Missouri COVID-19 case numbers down as lawmakers begin work on pandemic-related bills


    White and pink buds on dogwood and tulip trees brighten the Missouri State Capitol grounds in Jefferson City (Getty Images).

    Amid signs that COVID-19 is loosening its grip on Missouri, the state Senate this week will hold hearings on coronavirus liability protections while the state House is home as leaders attempt to control a Capitol Building outbreak.

    The Department of Health and Senior Services on Tuesday reported 1,357 new COVID-19 infections and it marked the third consecutive day of reporting fewer than 1,500 cases since the first week of October. And the 7-day positive rate on tests, 12.7 percent, is down 4.7 percentage points over the past week.

    Republican leadership in the House didn’t detail how many lawmakers are sick or in quarantine from exposure when they canceled this week’s session. There were 11 members absent last week during a roll call vote that defeated a proposed rule change to require masks in the House chamber.

    The leadership has not stated whether regular sessions will resume next week.

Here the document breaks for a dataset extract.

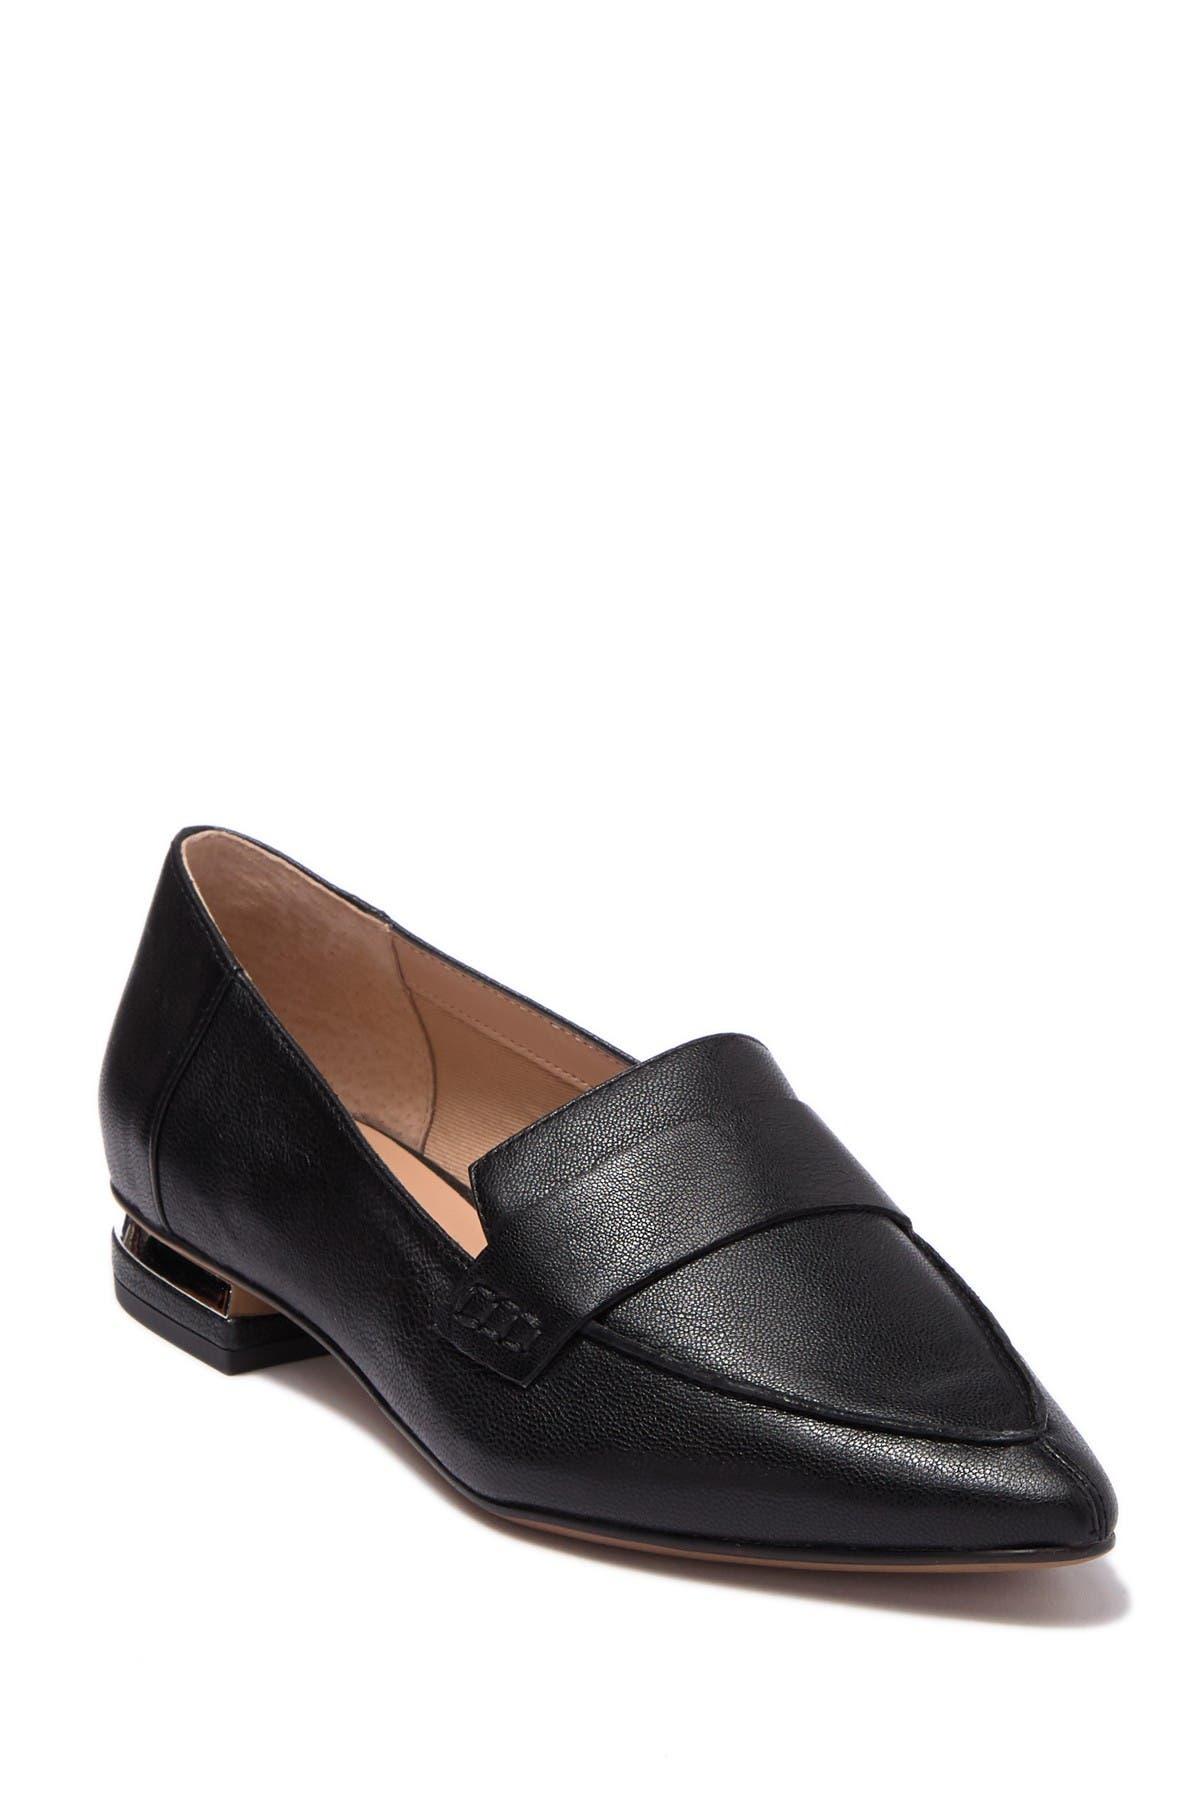 Franco Sarto | Sansa Leather Loafer

    On the Senate side of the building, the Judiciary and Civil and Criminal Jurisprudence Committee will hold hearings Tuesday on two bills shielding employers and business owners from lawsuits alleging they allowed exposure to COVID-19. That will be followed Wednesday with hearings in the Senate Health and Pensions Committee on bills limiting the scope and duration of local health orders.

    One bill, sponsored by Sen. Rick Brattin, R-Harrisonville, scheduled for a hearing Wednesday would exempt religious worship services from health restrictions and barring lawsuits from people who contract COVID-19 during services.

    Senate hearings will have audio streaming but no online video.

    The indicators that the pandemic is easing in Missouri as it rages elsewhere have been visible in several indicators in recent weeks. The lower daily counts are driving down the 7-day average of reported cases, which fell below 2,000 per day for the first time since late October.

    There are also fewer local health jurisdictions reporting new cases. Of 117 local jurisdictions listed on state reports, there were new cases in 89 on Tuesday, the second day with new cases in fewer than 100 health departments since early October.

    Missouri’s rate of new cases has been below the national average for eight consecutive weeks. The result is that the overall per capita infection rate in the state, which rose above the national average on Oct. 10, fell below the national average on Saturday.

    As of Monday, Missouri had an overall infection rate of 7,150 cases per 100,000 residents. The national infection rate was 7,244 per 100,000 people.

    The vaccines being administered are already having a positive effect for the health care workers who were first in line, Springfield’s CoxHealth CEO Steve Edwards wrote in a Monday tweet.

    He reported that 6,658 of the company’s 12,500 health care workers had received a first dose and those employees would start receiving their booster shots on Tuesday. 

    “Total daily employee infections are already down 50%!” Cox wrote.

    According to data from the CDC, Missouri has administered about one-third of the 528,000 doses received so far, with about 153,000 people receiving a first dose.

    Hospitalizations, which health experts consider a lagging indicator, are also showing some improvement. The total number of inpatients stood at 2,392 on Saturday, the first time the tally has been below 2,400 since Nov. 10.